Родители надеялись, что уж теперь-то их Мишенька согласен служить в пехоте, но Остроградский помышлял о другом:

– Мне, папенька, ехать в Париж нужда приспела.

Отец рассудил об этом желании на поэтический лад:

– Нешто наши кобелякские дивчины плохо для тебя писни спивают? Нешто вальсы парижские нашего гопака милее?

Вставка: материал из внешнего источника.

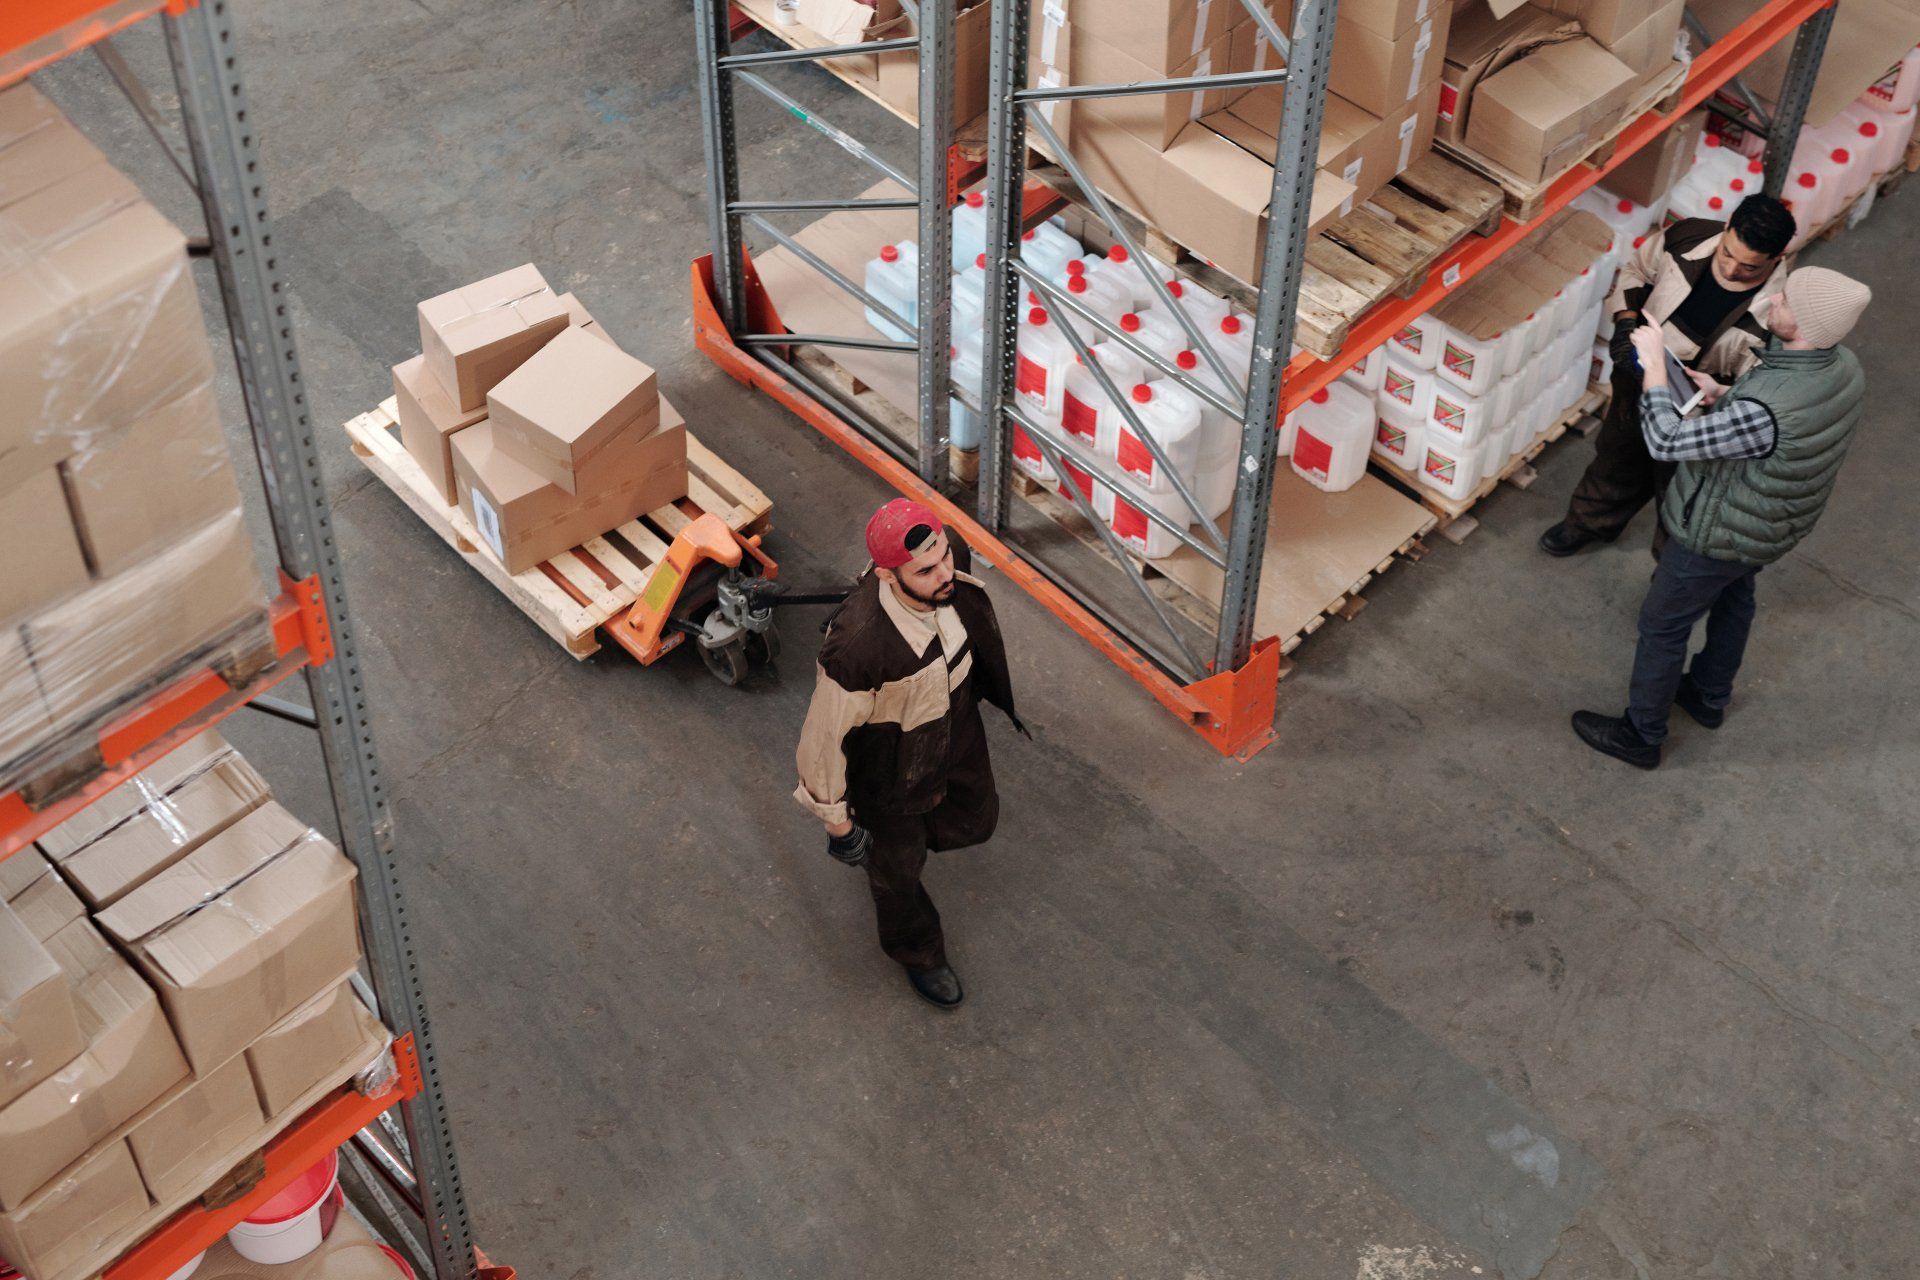 This is an image of a warehouse worker pulling boxes through a warehouse during a physical inventory count.

Вырос дитятко под потолок, рычал басом, перечислял имена славные, парижские: Фурье, Лаплас, Ампер, Пуассон, Коши, – возжаждал он ихние лекции в Сорбонне слушать. Зарыдала тут маменька, кручинясь, а отец подумал и… согласился:

– Мишка-то прав: по малому бить – только кулак отшибешь. Езжай, сынок, и затми Париж нашими Кобеляками!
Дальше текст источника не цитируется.